Commit graph

5 commits

Author SHA1 Message Date
c333a97344 feat(v0.6-2): dispatcher state persistence -- cold-start, cooldowns, dedup LRU to SQLite
Closes Rule-20 dispatcher gap from audit doc v0.6-phase1-audit.md finding #1.
Pre-this-commit the cold-start anchor, 4 drop counters, per-toggle cooldown
map, and dedup OrderedDict all lived in Dispatcher instance memory and were
lost on every container restart.

v5.sql adds three tables:
  - dispatcher_state (singleton id=1): cold_start_anchor + 4 drop counters
  - dispatcher_cooldowns ((toggle,category,region) keyed): last_fired_at
  - dispatcher_dedup ((source,event_id) keyed): seen_at

Dispatcher refactor:
  - __init__ calls _restore_from_db -- counters, cold-start anchor, cooldown
    map, and dedup LRU (most-recent 10k by seen_at) all rehydrated from the
    three new tables
  - write-through on every mutation: _persist_state for counter/anchor,
    _persist_cooldown for cooldown UPSERT + 2*cooldown_s prune,
    _persist_dedup for dedup INSERT OR REPLACE + 7-day cleanup
  - in-memory caches stay authoritative on the fast read path
  - cumulative-since-install counters (NOT since-boot); LLM will be able
    to answer "we have dropped 47 stale events this week" after commit #5
    (env_reporter) lands
  - graceful degrade: missing v5 tables / persistence outage falls back to
    fresh in-memory state without crashing the constructor

Tests:
  - tests/test_dispatcher_persistence.py (17 tests): state restore on init,
    counter+cooldown+dedup survival across simulated restart, cooldown rearm
    within 2x window, dedup LRU rebuild caps at 10k, 7-day cleanup on insert,
    INSERT OR REPLACE on duplicate source+event_id, v5 migration idempotent,
    synthetic storm (50 events) -> restart -> replay (5 incl 1 duplicate)
    with the duplicate dedup-rejected and counters NOT resetting
  - tests/conftest.py (new): autouse MESHAI_DB_PATH redirection to per-test
    tmp file, so the dispatcher_*  tables on production /data dont get
    polluted by tests that construct Dispatcher() without an explicit fixture
  - tests/test_notification_toggles.py: _dispatch helper wipes dedup/cooldown/
    state tables between calls (per-call independence preserved; pre-v0.6-2
    in-memory-only Dispatcher reset naturally per instance)
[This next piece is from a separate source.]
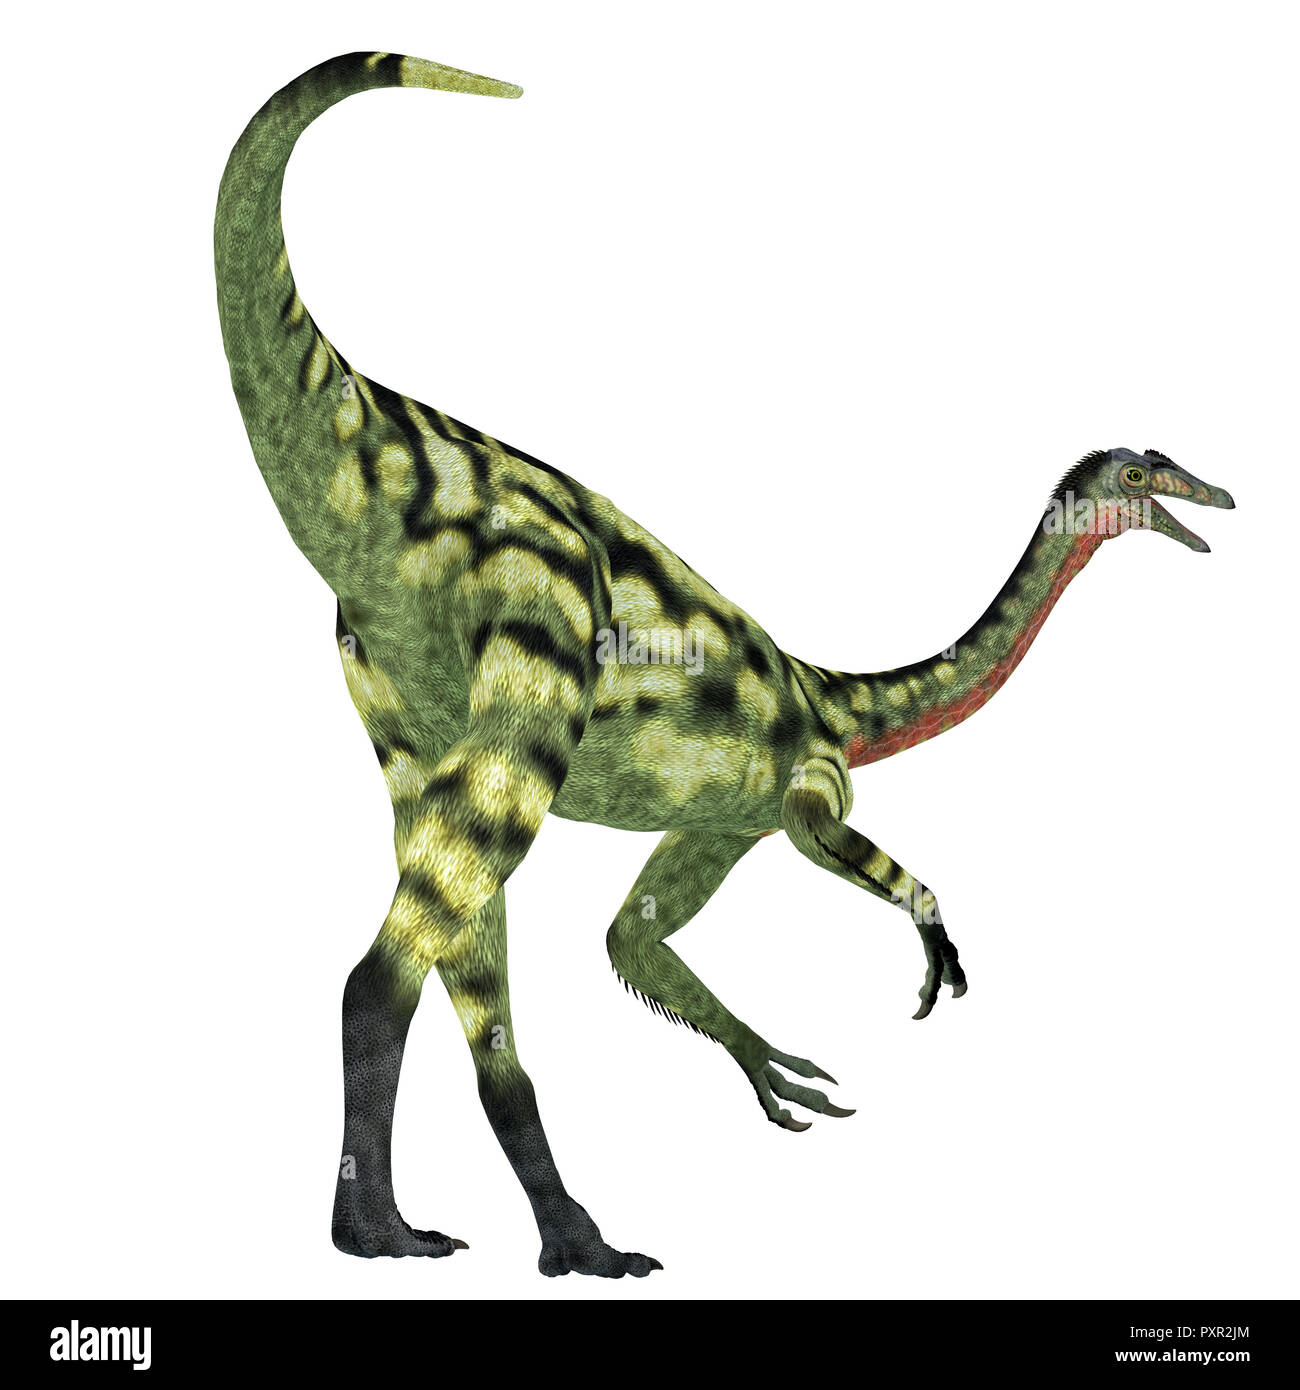 Paleoexhibit: Deinocheirus the magnificent

Test count: 680 -> 697 (+17 new, 0 regressions).

Refs audit doc v0.6-phase1-audit.md finding #1.
2026-06-05 16:35:40 +00:00
b2c4d53b14 feat(v0.6-1): FIRMS handler -- storage-only, closes silent-drop on central.fire.hotspot.>
v0.5.13 default-deny was silently dropping every FIRMS hotspot because no
per-adapter handler existed. firms_pixels table has been empty since v0.5.8b.
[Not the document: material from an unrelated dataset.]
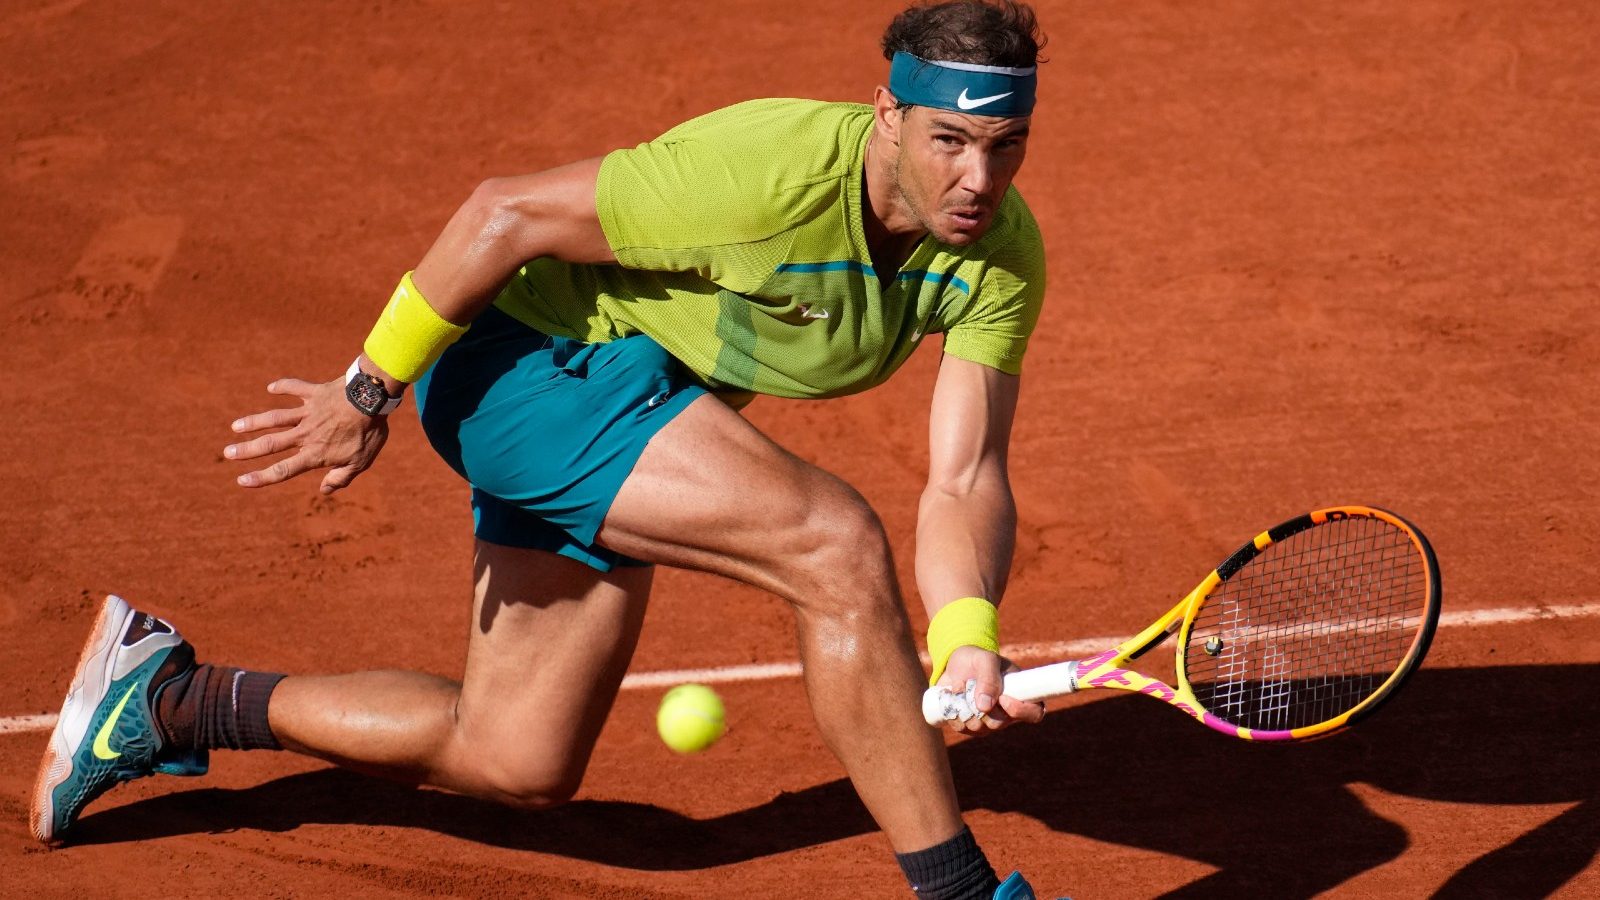 primavera eficientemente Basura French Open: Rafael Nadal Sails Into Round 4 - News18

This commit adds central/firms_handler.py which stores every passing pixel
that clears the (currently hardcoded, future GUI-driven) confidence + FRP
floors, with dedup on (round(lat,5), round(lon,5), acq_time, satellite) via
a unique partial index added in v4.sql. NO mesh broadcasts emitted by this
handler -- FIRMS data is for LLM context only and will become queryable
when commit #5 (env_reporter) lands.

Defaults baked in:
  FIRMS_CONFIDENCE_FLOOR = "low"   -- store every confidence level
  FIRMS_FRP_FLOOR        = 0.0     -- store every FRP value
  FIRMS_BBOX_OPTIONAL    = None    -- no spatial filter

These become adapter_config GUI rows in commit #3 (per Matt's v0.6 Phase 1
refinement: hardcoded values become GUI default values so first-deploy
behavior is unchanged).

Wiring:
  - meshai/central/firms_handler.py (new, 270 lines)
  - meshai/persistence/migrations/v4.sql (new, unique dedup index)
  - meshai/persistence/db.py (SCHEMA_VERSION 3 -> 4)
  - meshai/central/consumer.py (dispatch ladder gets firms branch before
    default-deny clause; pattern matches handle_swpc / handle_nwis)
  - tests/test_firms_handler.py (new, 22 tests covering confidence floor,
    FRP floor, bbox, dedup, missing fields, end-to-end through consumer)
  - tests/test_consumer_default_deny.py (swap firms -> avalanche for the
    "no handler" examples since FIRMS now has one)

Test count: 658 -> 680 (+22 firms_handler tests, 0 regressions).

Refs audit doc v0.6-phase1-audit.md finding #2.
2026-06-05 15:50:33 +00:00
0da83e0d3d feat(v0.5.11): band conditions scheduled broadcaster (3x/day HF propagation)
First clock-driven broadcaster in meshai, distinct from the v0.5.8b/v0.5.9/v0.5.10 event-driven adapters. The same persistence + dispatcher + cold-start patterns apply, but the trigger is the wall clock at 06:00 / 14:00 / 22:00 Mountain Time (default; GUI-configurable per Rule 17).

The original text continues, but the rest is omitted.